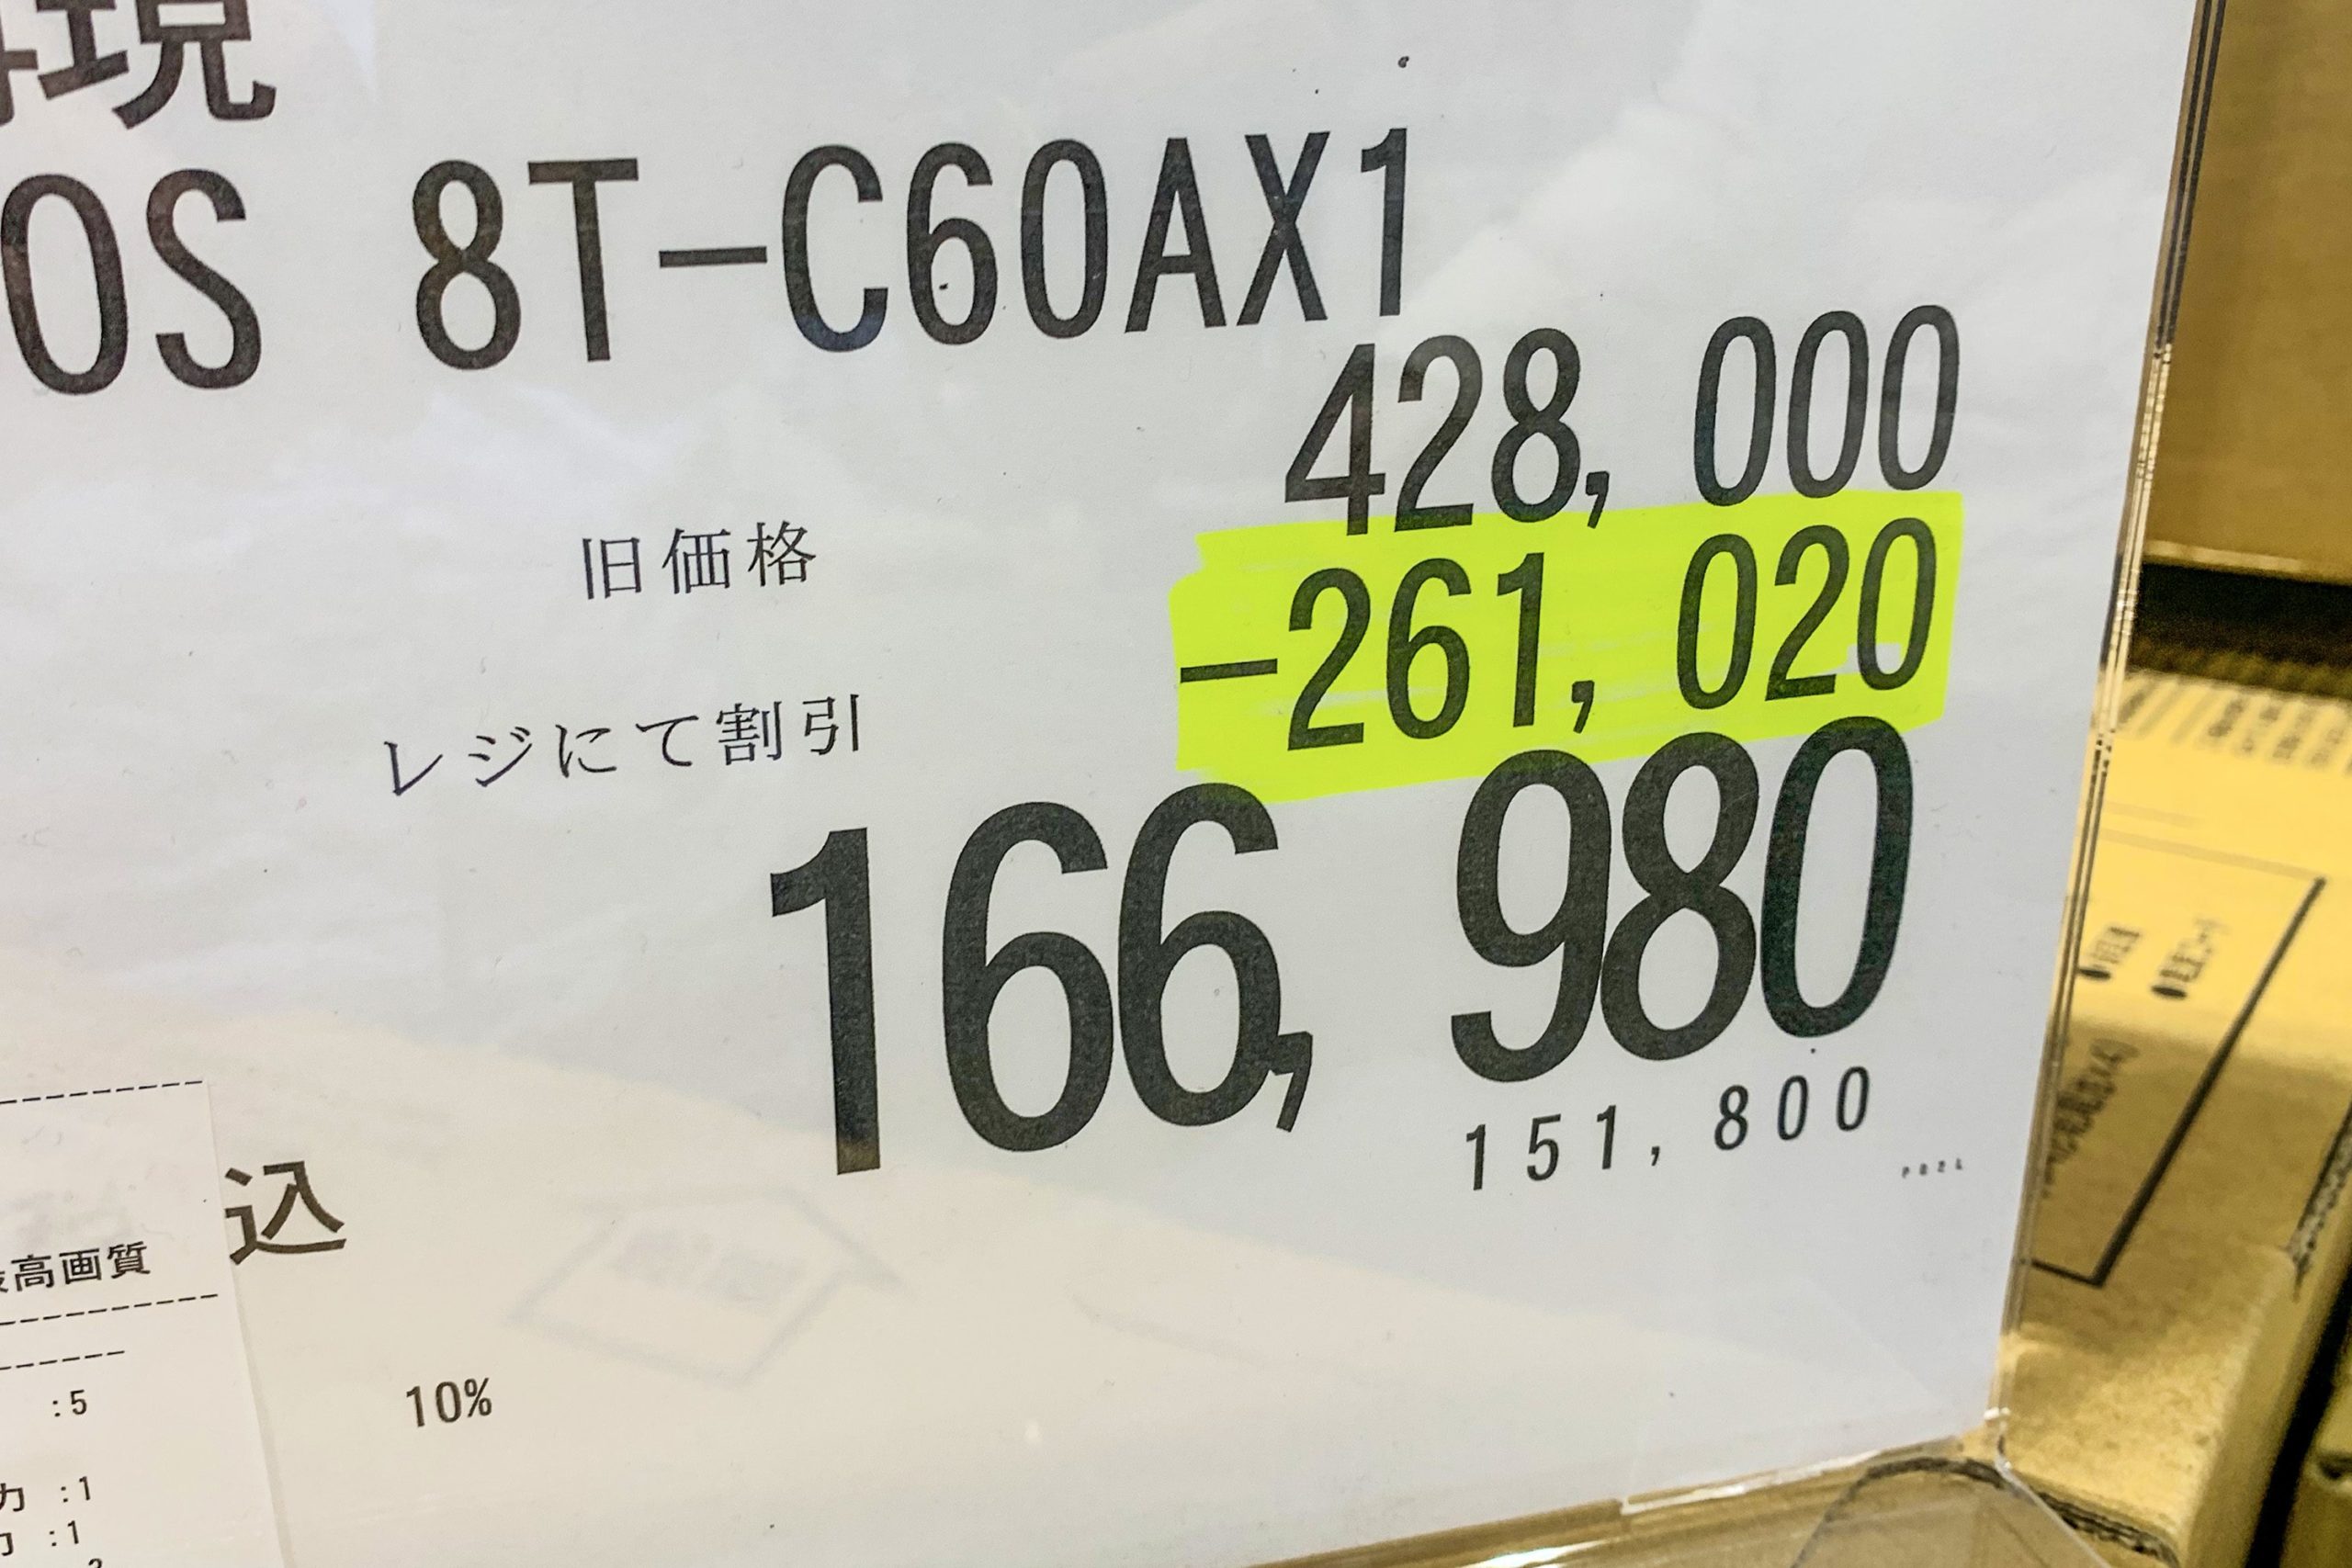 コストコのブラックフライデー 驚異の 26万円引き商品 登場も不評の理由 Sirabee1127costco7
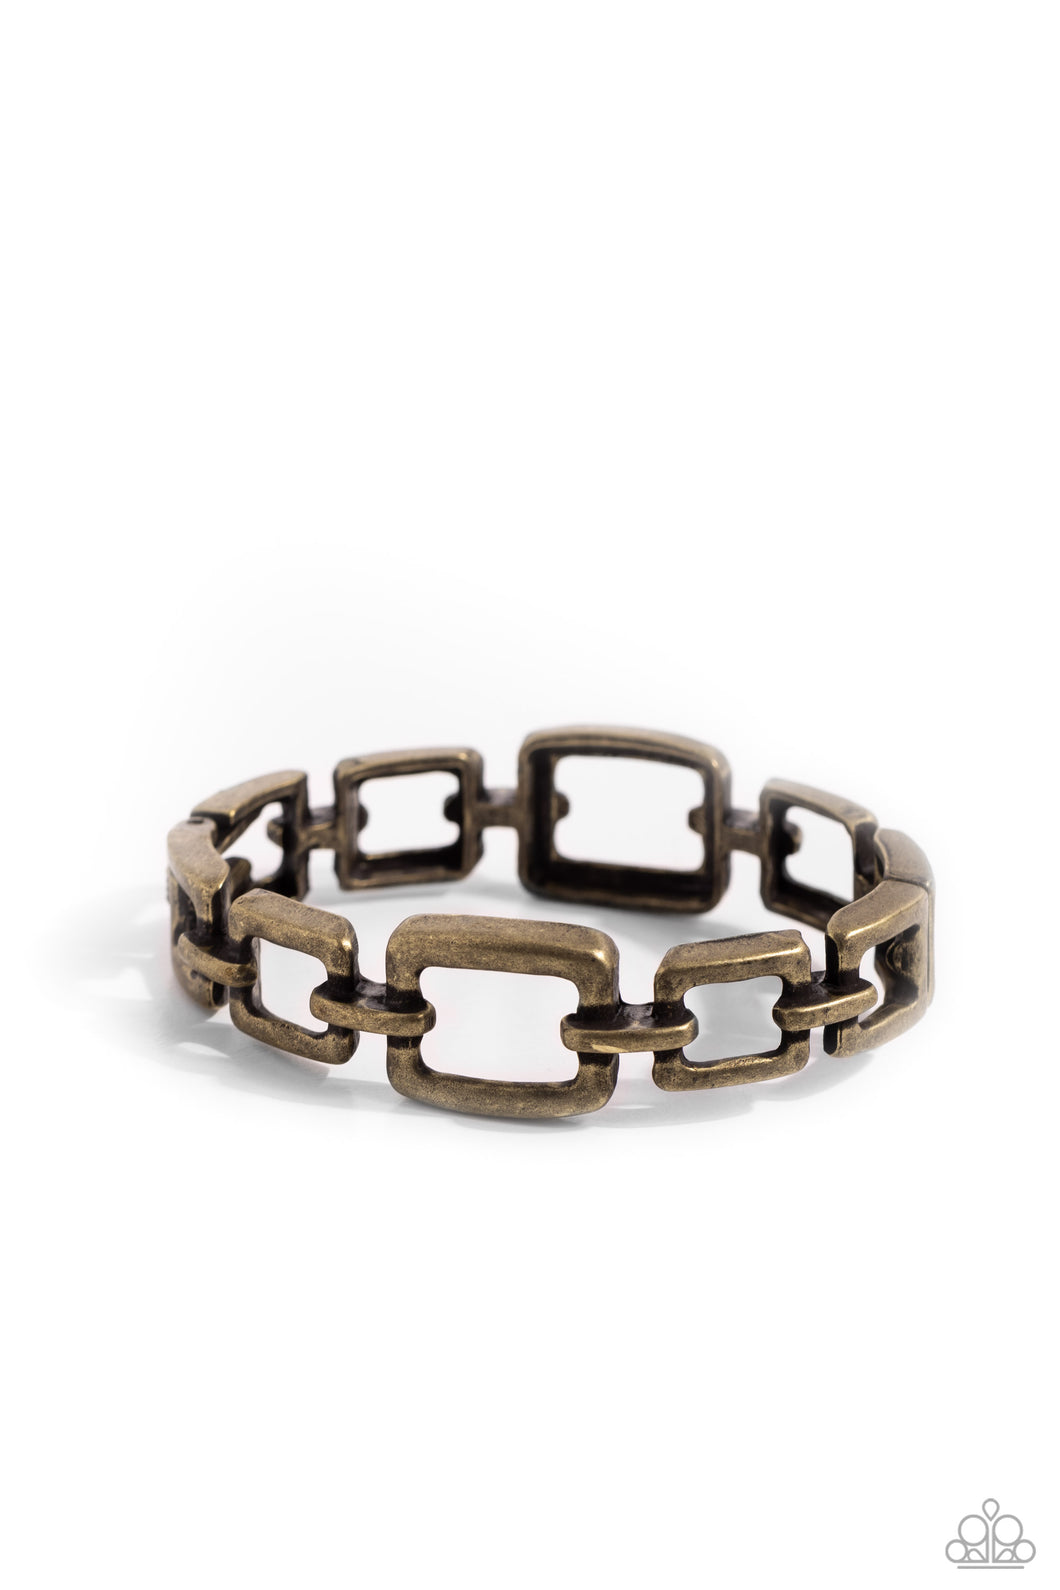 Square Inch - Brass bracelet - Paparazzi - Dare2bdazzlin N Jewelry
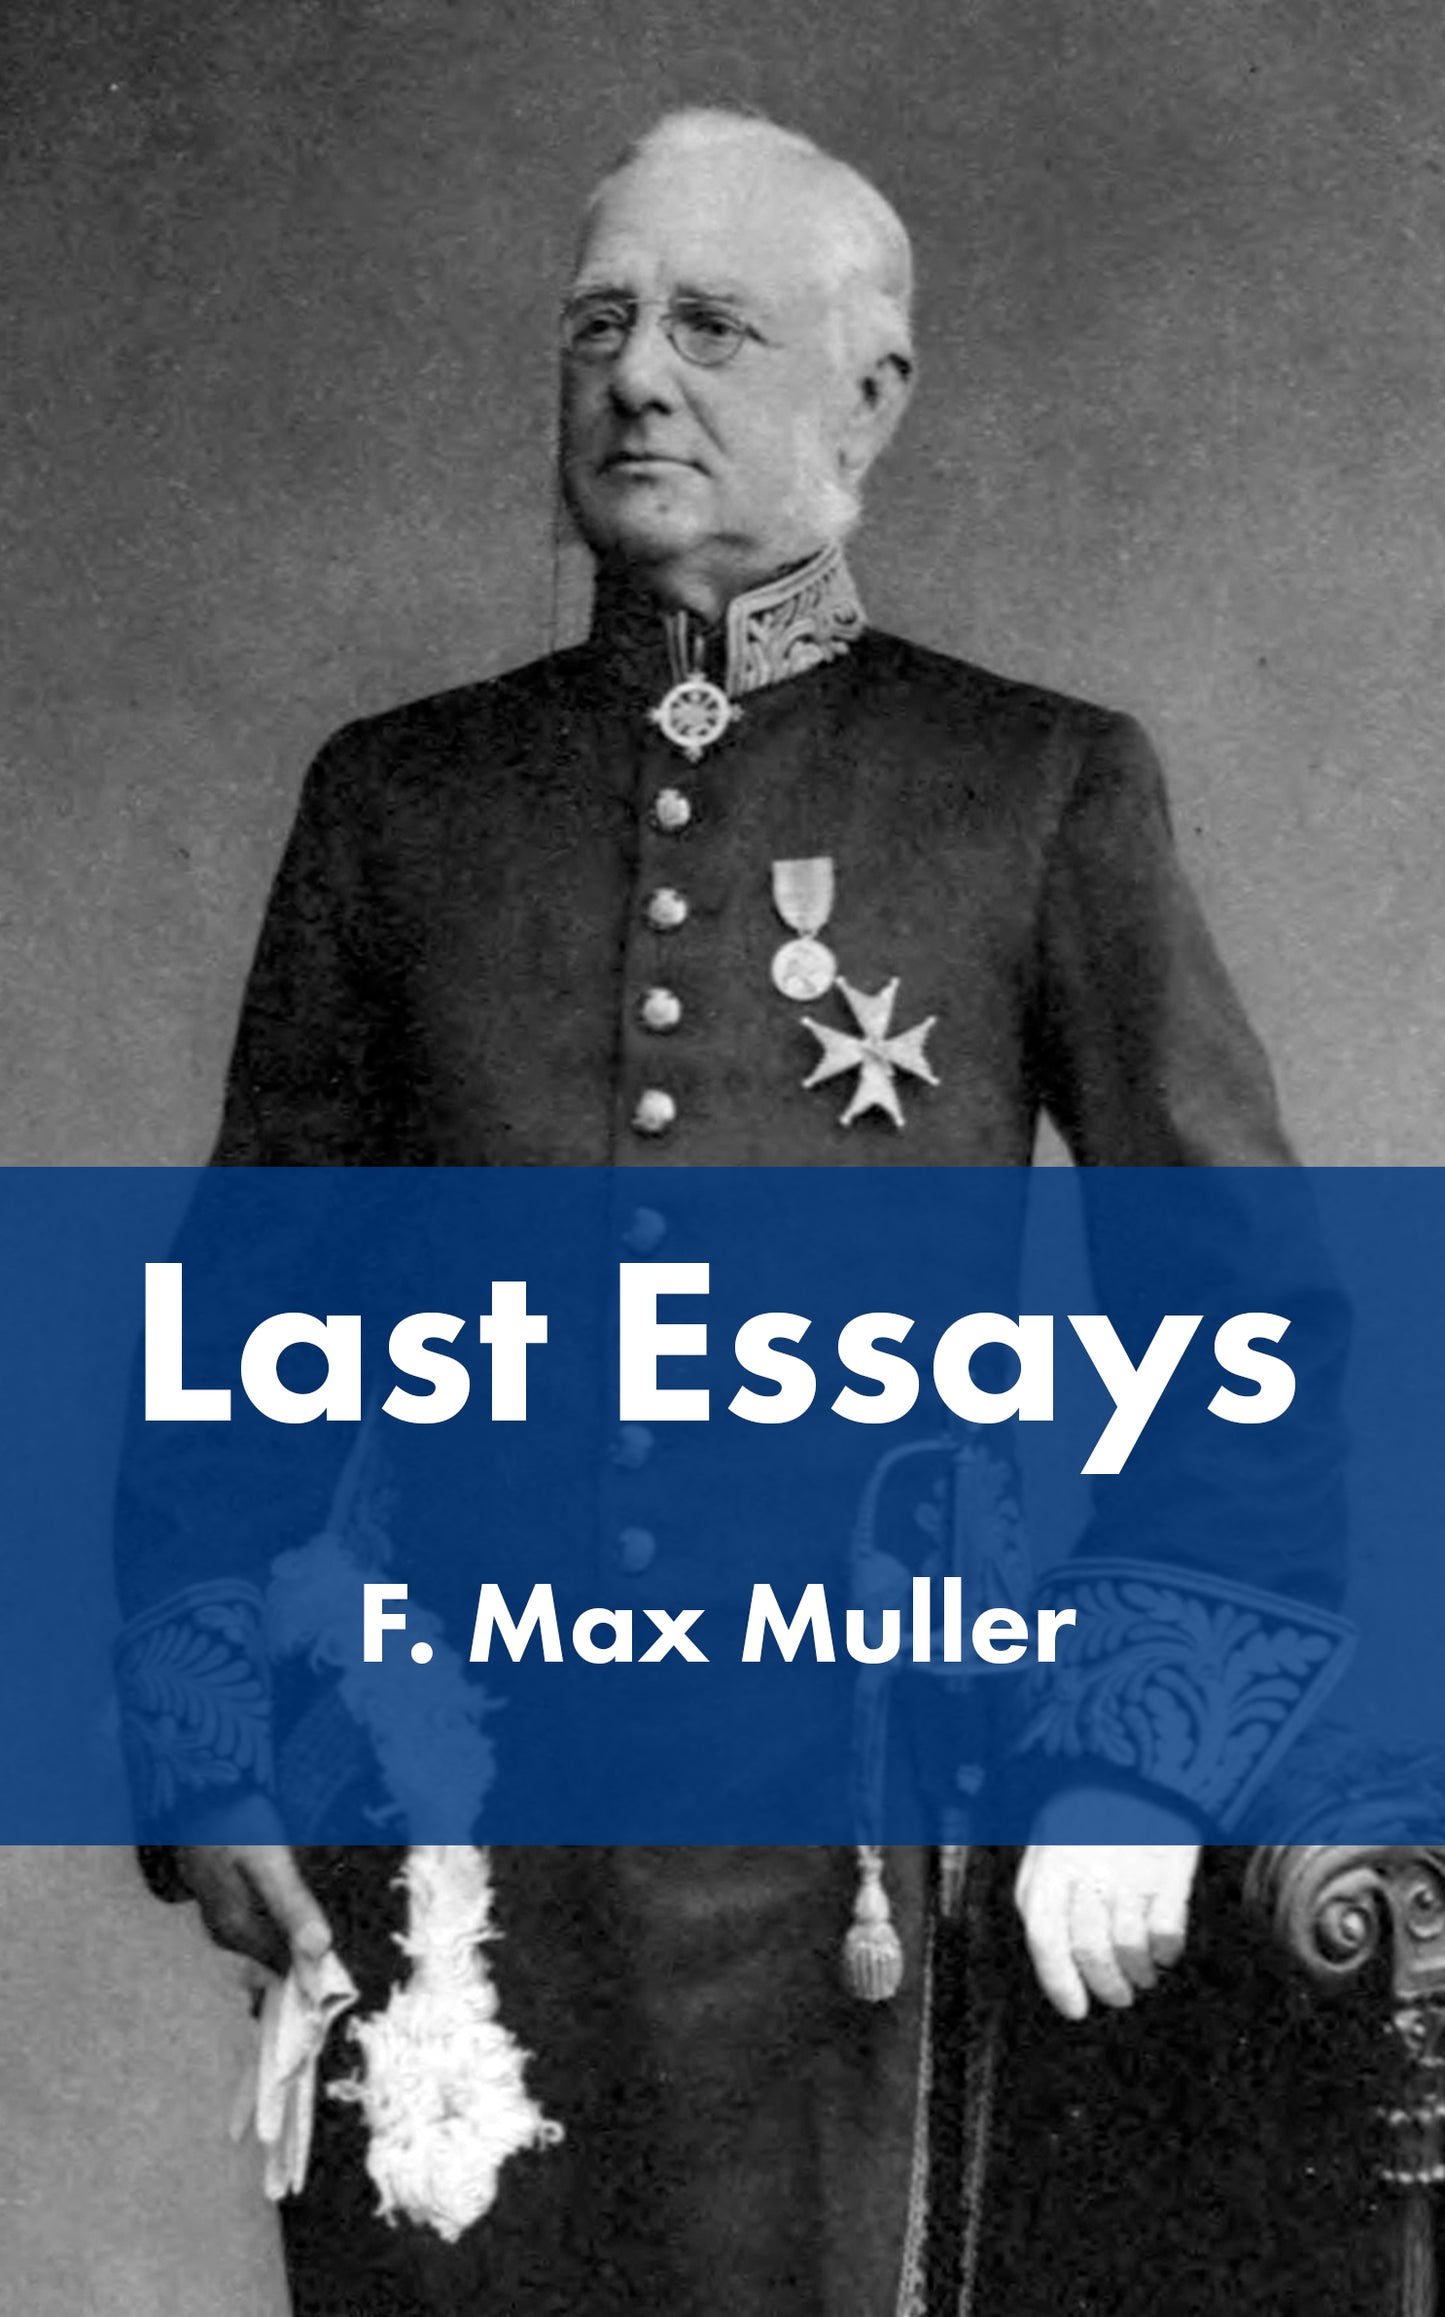 Last Essays of F. Max Muller

* _DESCRIPTION OF THE TASK_
What the answer must hold: all the data above, given again exactly, without pictures.

* _ANSWER BELOW_
 コストコのブラックフライデー 驚異の 26万円引き商品 登場も不評の理由 Sirabee1127costco7
 Square Inch - Brass bracelet - Paparazzi - Dare2bdazzlin N Jewelry
 Last Essays of F. Max Muller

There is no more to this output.